The band played a waltz which involved a gift of prominence to the bass horn, and one of the young men on the sidewalk said that the music reminded him of the new engines on the hill pumping water into the reservoir. A similarity of this kind was not inconceivable, but the young man did not say it because he disliked the band's playing. He said it because it was fashionable to say that manner of thing concerning the band. However, over in the stand, Billie Harris, who played the snare-drum, was always surrounded by a throng of boys, who adored his every whack.

After the mails from New York and Rochester had been finally distributed, the crowd from the post-office added to the mass already in the park. The wind waved the leaves of the maples, and, high in the air, the blue-burning globes of the arc lamps caused the wonderful traceries of leaf shadows on the ground. When the light fell upon the upturned face of a girl, it caused it to glow with a wonderful pallor. A policeman came suddenly from the darkness and chased a gang of obstreperous little boys. They hooted him from a distance. The leader of the band had some of the mannerisms of the great musicians, and during a period of silence the crowd smiled when they saw him raise his hand to his brow, stroke it sentimentally, and glance upward with a look of poetic anguish. In the shivering light, which gave to the park an effect like a great vaulted hall, the throng swarmed, with a gentle murmur of dresses switching the turf, and with a steady hum of voices.

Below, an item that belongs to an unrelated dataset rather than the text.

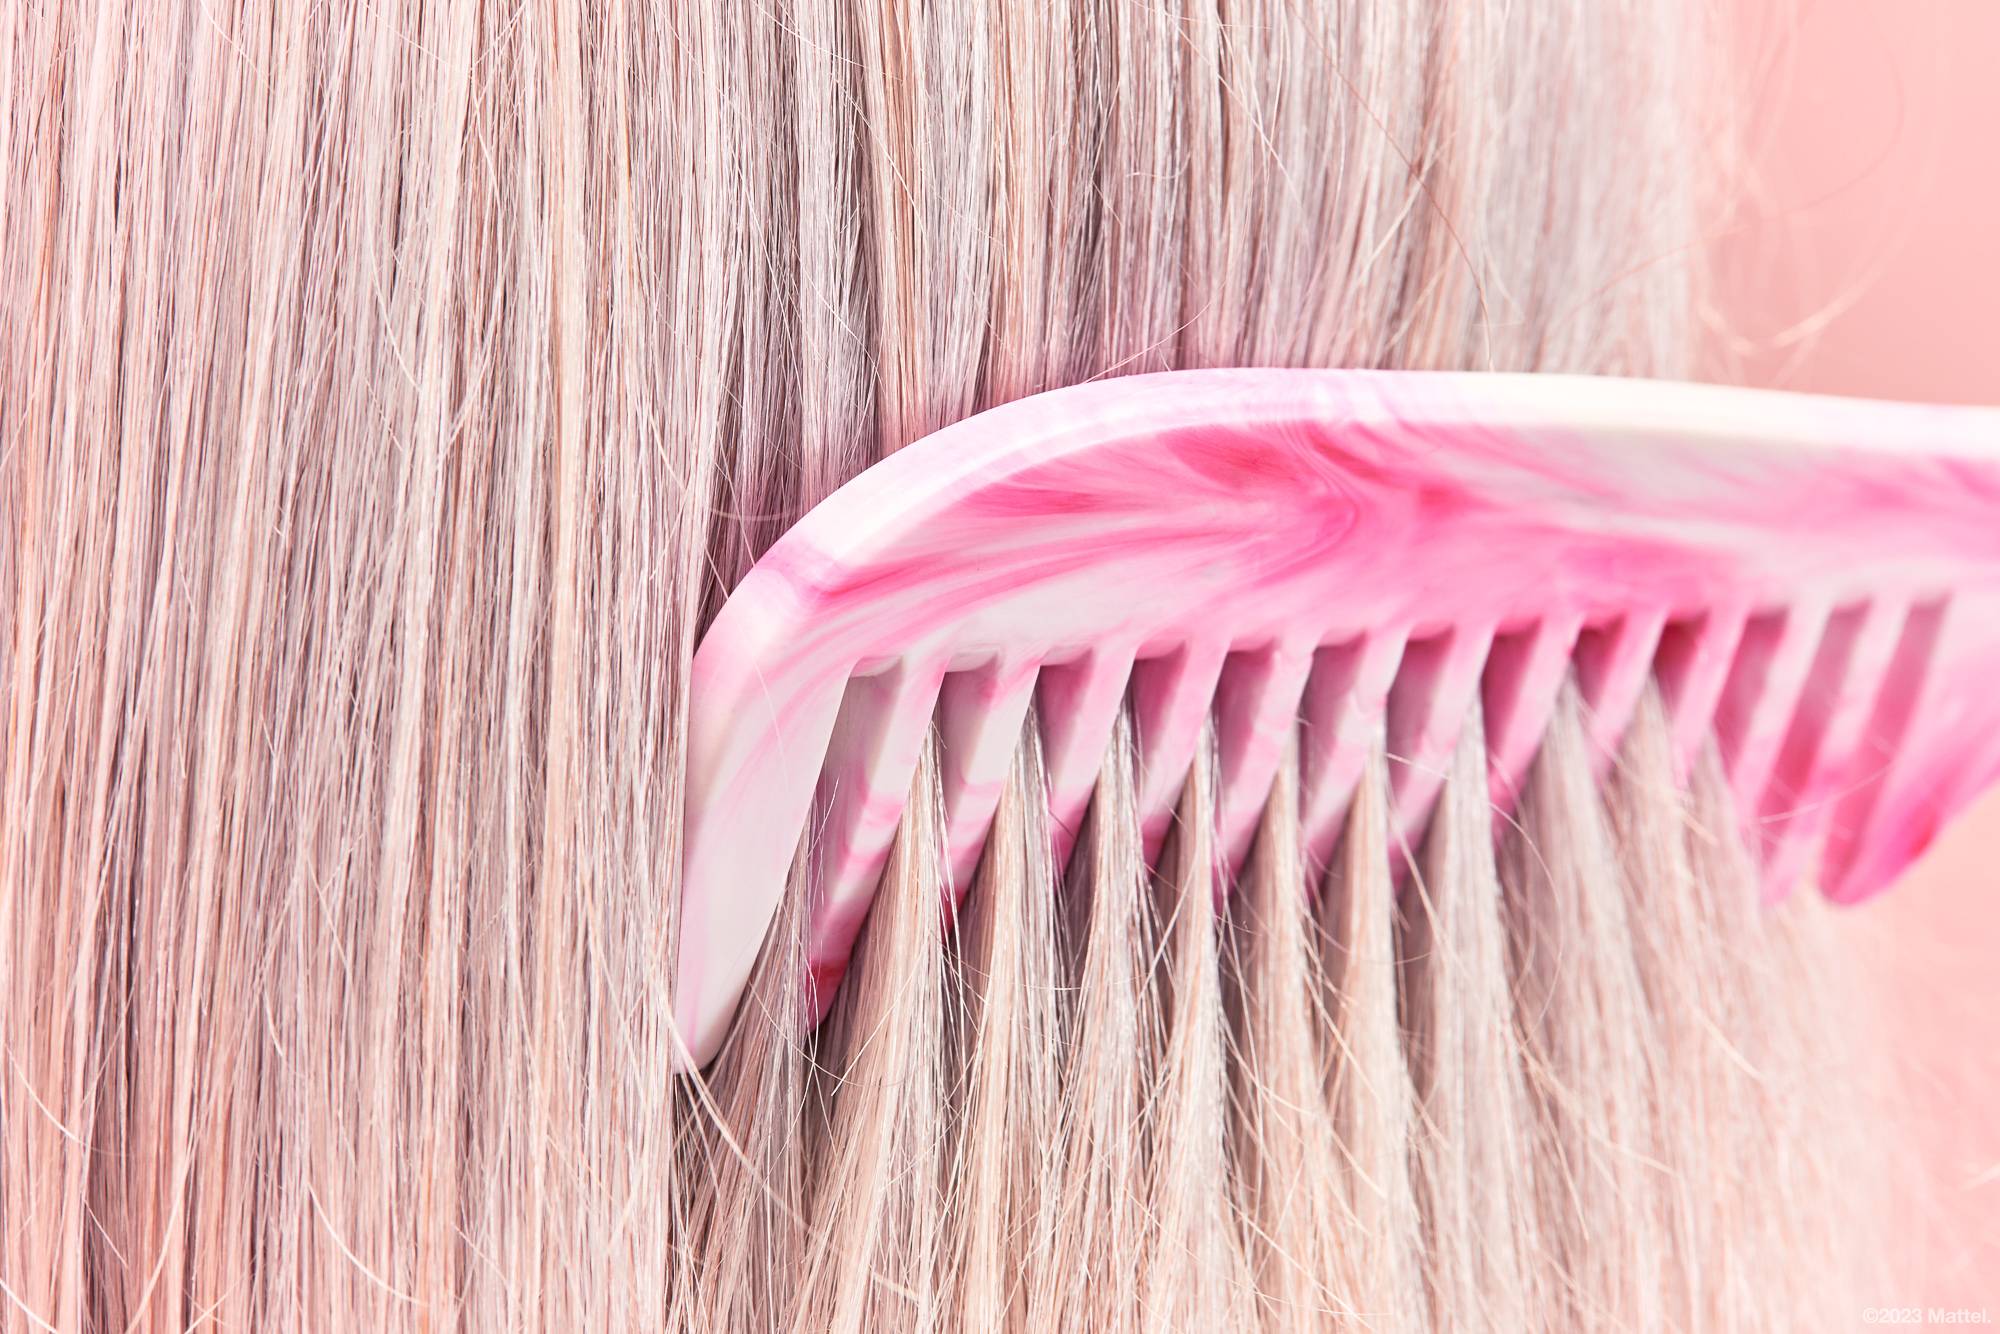 Image shows a super close-up of the marbled pink and white comb being brushed through straight blonde hair. 
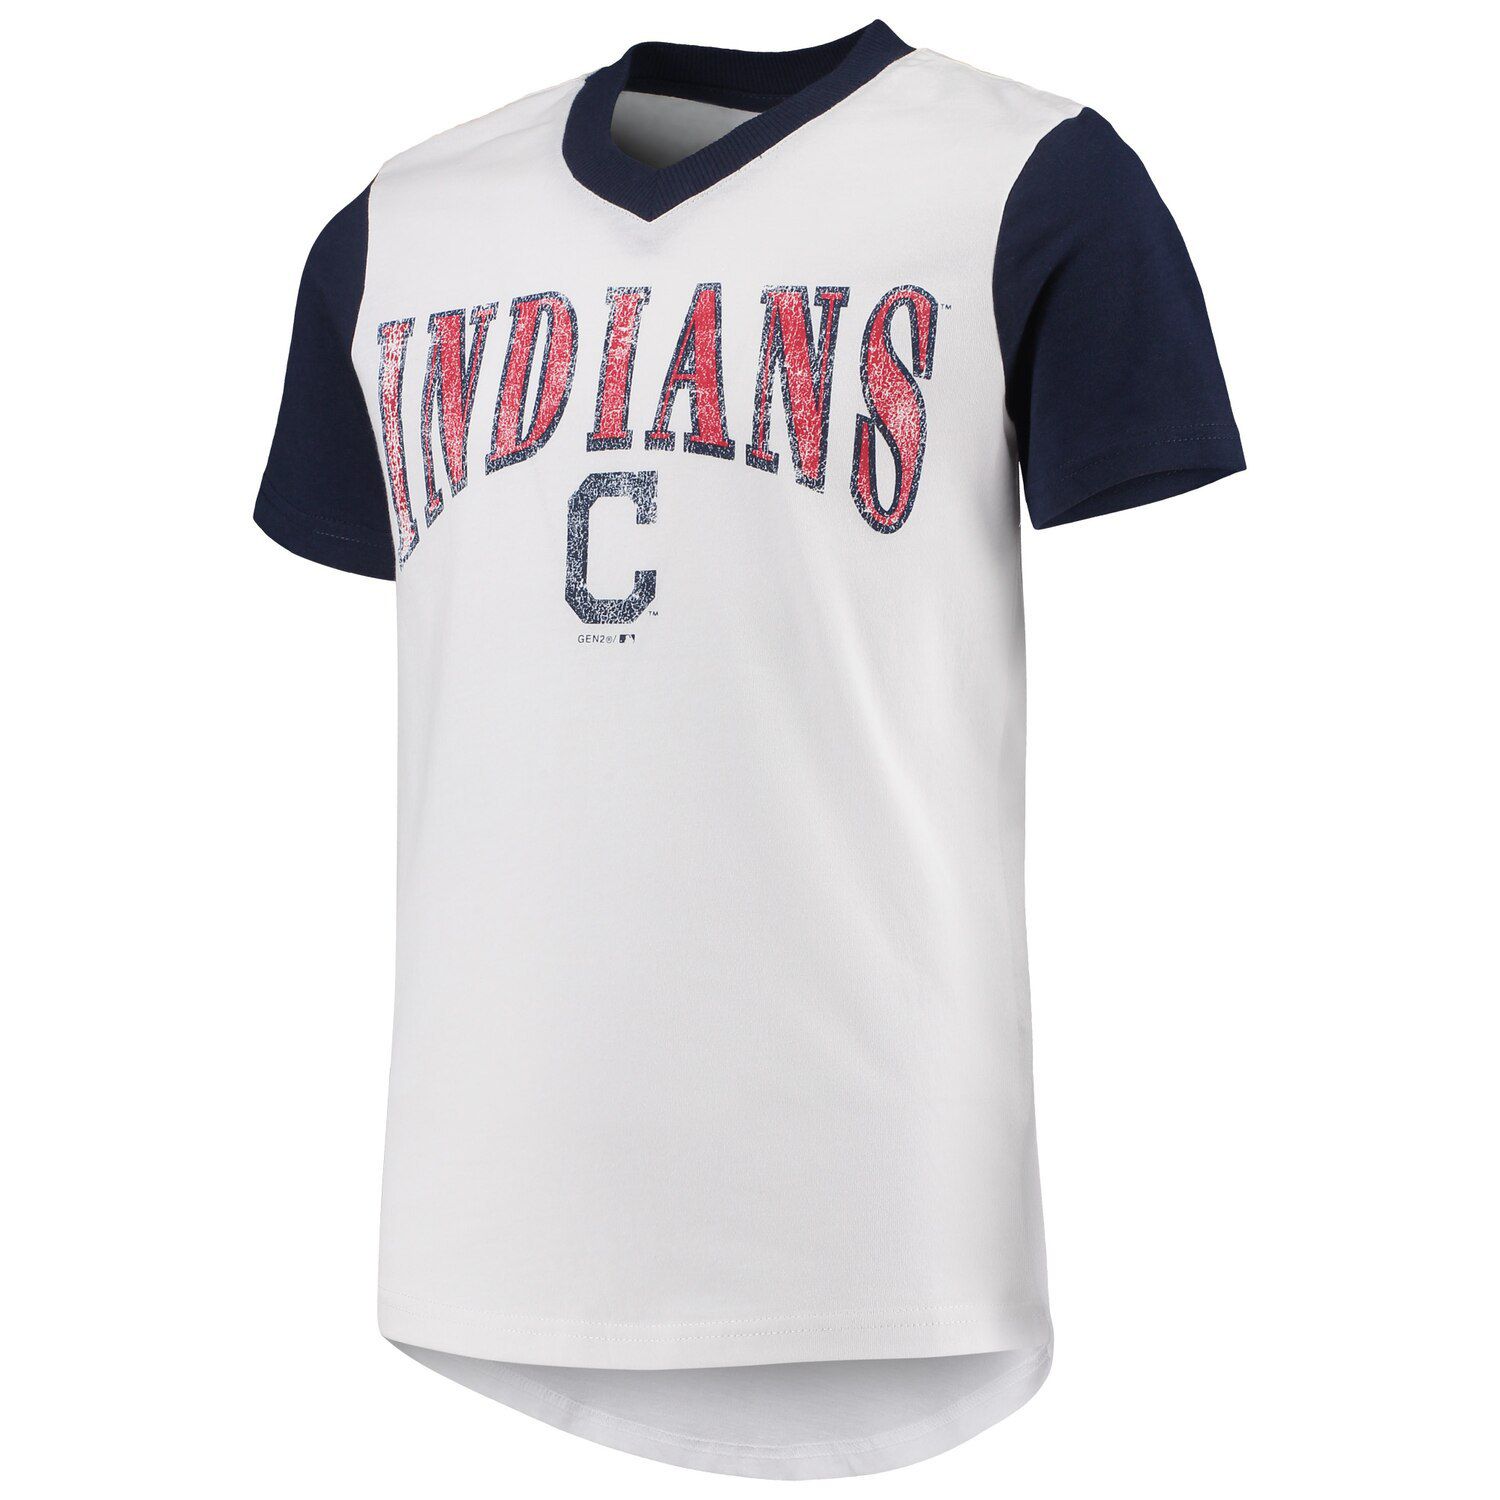 cleveland indians jersey youth

Suddenly, without preliminary bars, there arose from afar the great hoarse roar of a factory whistle. It raised and swelled to a sinister note, and then it sang on the night wind one long call that held the crowd in the park immovable, speechless. The band-master had been about to vehemently let fall his hand to start the band on a thundering career through a popular march, but, smitten by this giant voice from the night, his hand dropped slowly to his knee, and, his mouth agape, he looked at his men in silence. The cry died away to a wail and then to stillness. It released the muscles of the company of young men on the sidewalk, who had been like statues, posed eagerly, lithely, their ears turned. And then they wheeled upon each other simultaneously, and, in a single explosion, they shouted, "One!"

Again the sound swelled in the night and roared its long ominous cry, and as it died away the crowd of young men wheeled upon each other and, in chorus, yelled, "Two!"

There was a moment of breathless waiting. Then they bawled, "Second district!" In a flash the company of indolent and cynical young men had vanished like a snowball disrupted by dynamite.